No fim de uma longa e ajuizada aula, resolveu encerrar com um grande clímax e fez para a plateia uma pergunta retórica e clamou: “Então, me digam, senhores, quem somos nós?” Fez um silêncio cheio de expectativa: o que viria a seguir? E ele bradou, ainda mais teatralmente: “Quem somos, pergunto eu?” E Aparício se deu conta que tinha se perdido. Esquecera a resposta imaginada. Branco total. Voltou à pergunta na esperança de se lembrar da apoteose: “Nessas horas, vem à nossa consciência essa terrível dúvida: afinal, quem somos?” E não consegue achar a solução. Desesperado, acredita ter encontrado uma alternativa. E começa a cantar: “nós somos da pátria a guarda, fiéis soldados, por ela amados”. E sumiu, porta afora, deixando atônita a distinta plateia que até hoje não conseguiu atinar com o que quis, afinal, dizer o palestrante. Pois, ontem mesmo, botei pra fora meu lado de Rolando Lero com um mico quase igual. Num ambiente profundamente Bolsonarista, apresentando uma campanha, fui surpreendido com a inevitável pergunta de quem seria meu candidato para Presidente da República.

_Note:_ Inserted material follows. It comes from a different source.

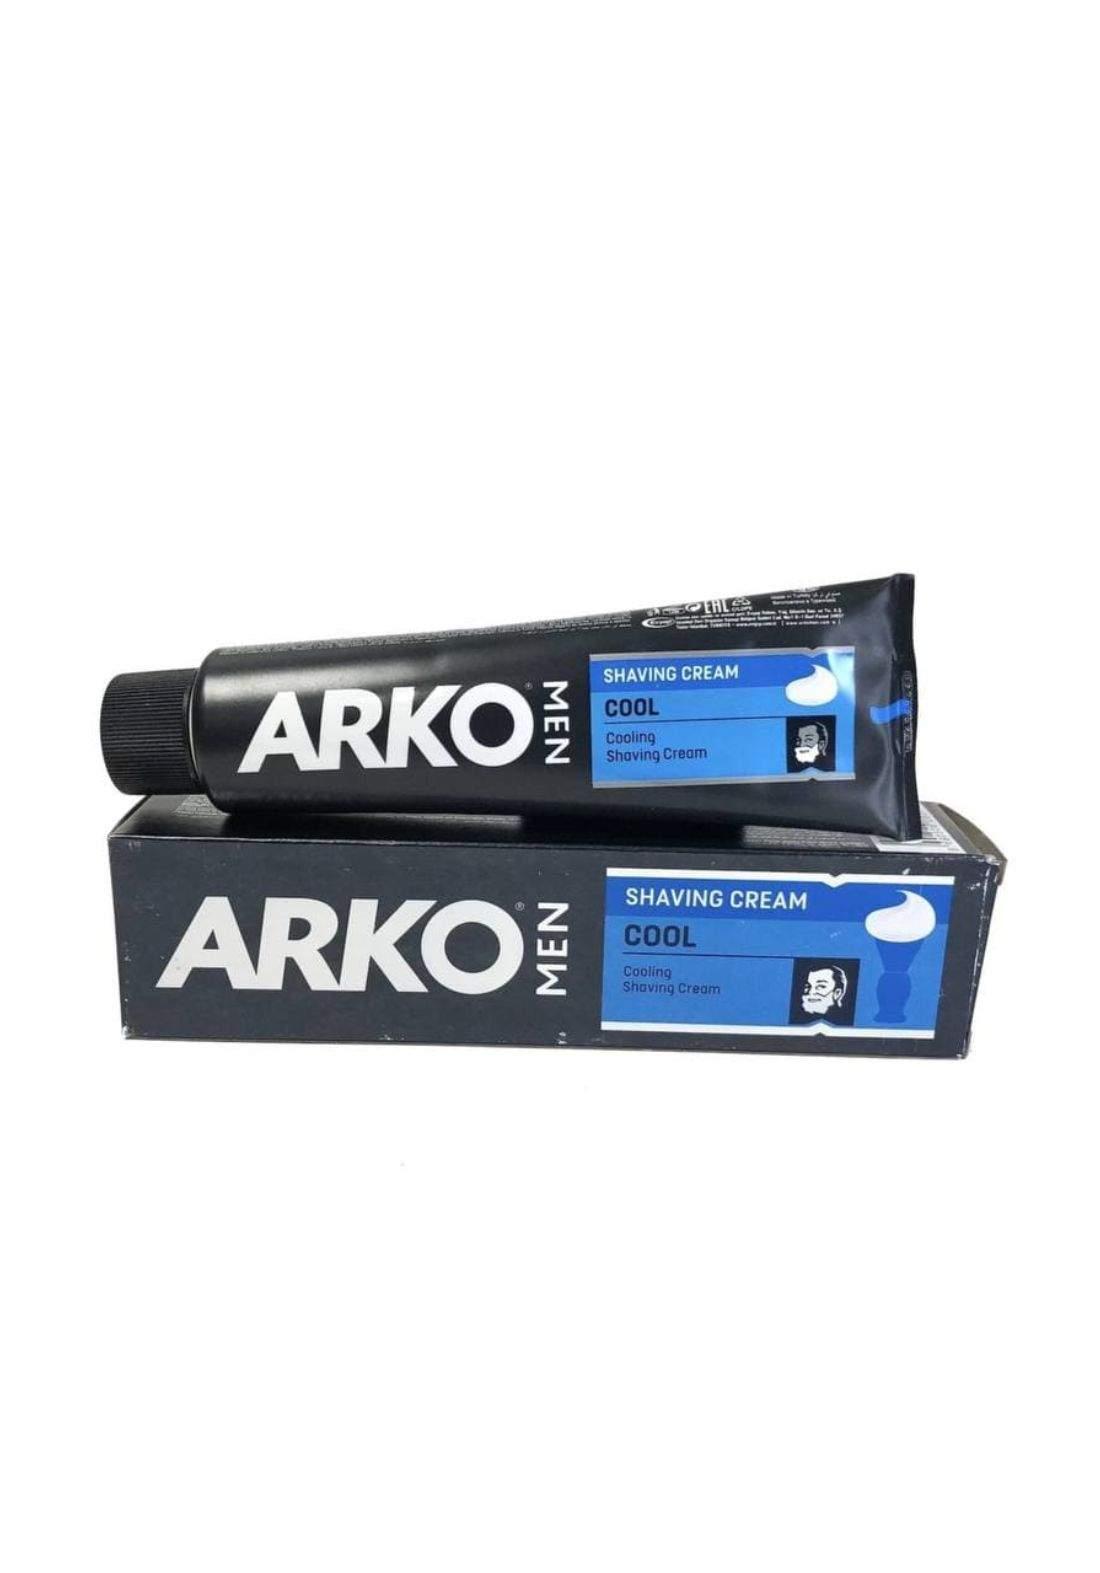 Arko shaving cream for sensitive skin 100g اركو كريم حلاقة

Declarar-me favorável ao capitão ficaria evidente minha total falta de caráter, já que Haddad e o PT já tinham recebido todas as ofensas possíveis. E eu, de vez em quando, sou sincero. Um dos clientes me perguntou: “E você, Lula, vai votar em quem?” E eu respondi, representando urgência: “Onde é o banheiro?” E me tranquei, fingindo estar fazendo alguma coisa lá dentro, visando passar o tempo até o assunto ser esquecido. E tive um pensamento estranho olhando a privada: em vez de fazer merda, vou votar em branco.